Кладовка представляет собой небольшой чердак и располагается по другую сторону лестничной площадки напротив спальни слуг и ванной комнаты. В ее потолке имеется люк, к которому можно добраться с помощью короткой деревянной лестницы-стремянки. Я приставил к стене эту лестницу, поднял по ней и пропихнул наружу труп бродяги и выкарабкался на крышу вслед за ним. Вода все еще с шумом врывалась в ванну, которая шумела и гудела, словно пытаясь переварить железную цепь, а трубы выли и стонали на все лады. Я не боялся, что кто-нибудь услышит какие-либо другие звуки. Я вытащил лестницу за собой на крышу и закрыл люк.
Между моим домом и последним зданием улицы Квин-Кэролайн-Мэншнс имеется зазор шириной всего в несколько футов. Я припомнил, что, когда Мэншнс только начинала застраиваться, возник какой-то спор по поводу уличного освещения, но я полагаю, что обе стороны как-то его уладили. Во всяком случае моя семифутовая лестница благополучно легла над щелью между домами. Я крепко привязал моего бедняка к лестнице и толкал ее, пока она не легла на парапет крыши соседнего дома. Затем я разбежался, прыгнул через щель и легко приземлился по другую сторону.
Остальное оказалось еще проще. Я пронёс своего бедняка по плоским крышам, намереваясь оставить его на чьей-нибудь лестнице или в дымовой трубе. Я прошел почти полпути по крышам сплошного ряда домов, когда внезапно мне пришла в голову мысль: «О, я, должно быть, как раз над квартирой малыша Типпса!» И тут я вспомнил его лицо и глупую болтовню насчет вреда вивисекции. И я с удовольствием представил себе, как было бы здорово оставить мою посылочку у него и посмотреть, как он отреагирует. Я лег на краю крыши и глянул вниз. Там была тьма тьмущая, снова лил дождь, и я рискнул воспользоваться карманным фонариком. Это была единственная неосторожность, которую я допустил, и шансы, что меня могут увидеть с противоположной стороны улицы, были достаточно велики. Секундная вспышка показала мне то, на что я едва мог надеяться, — открытое окно как раз подо мною.
Я достаточно хорошо знал планировку квартир в таких домах, чтобы быть уверенным, что это окно, кухни или ванной комнаты. Из бинта, который я прихватил с собой, я сделал петлю и продел ее у трупа под мышками, затем закрутил двойной бинт в виде каната и прикрепил его к концу железной стойки рядом с трубой. После этого я перекинул бродягу через парапет, а затем спустился вслед за ним по водосточной трубе и скоро уже втаскивал его через окно в ванную комнату Типпса.

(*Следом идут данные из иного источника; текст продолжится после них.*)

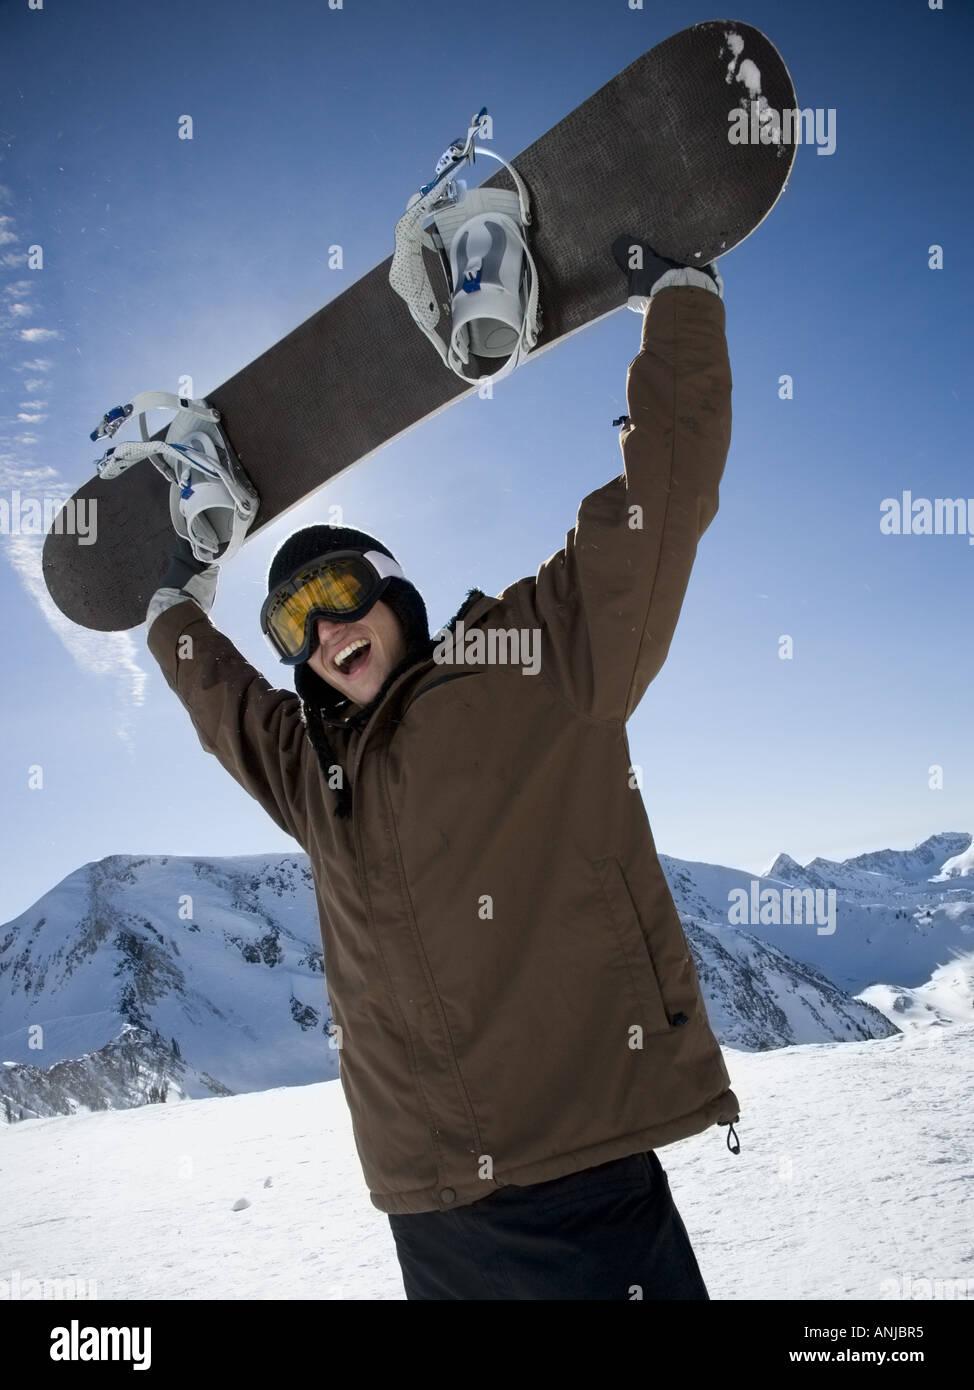 Ángulo de visión baja de un joven levantar un snowboard y gritar Imagen De Stock

К этому моменту я почувствовал некоторую самоуверенность и не пожалел потратить несколько минут на то, чтобы аккуратно уложить его в ванне и привести в полный порядок. Повинуясь внезапному порыву вдохновения, я вспомнил о пенсне, которое случайно зацепилось за воротник моего пальто около вокзала Виктория. Я наткнулся на него рукой, когда искал в кармане нож, чтобы разрезать петлю, и подумал, какую изысканность оно может придать его внешности, еще более запутав все дело. Я нацепил пенсне ему на нос, уничтожил все следы моего присутствия и отбыл, как и пришел, легко поднявшись на крышу с помощью водопроводной трубы и веревки.
Я спокойно вернулся по крышам обратно, перескочил щель между домами и вернул в кладовку лестницу и простыню. Мой тайный сообщник — ванна — приветствовал меня бульканьем и воем. На лестнице я не выдал себя ни единым звуком. Заметив, что вода льется уже почти три четверти часа, я закрутил краны и тем самым позволил моим терпеливым домочадцам немного поспать. Я также почувствовал, что не мешало бы и мне последовать их примеру.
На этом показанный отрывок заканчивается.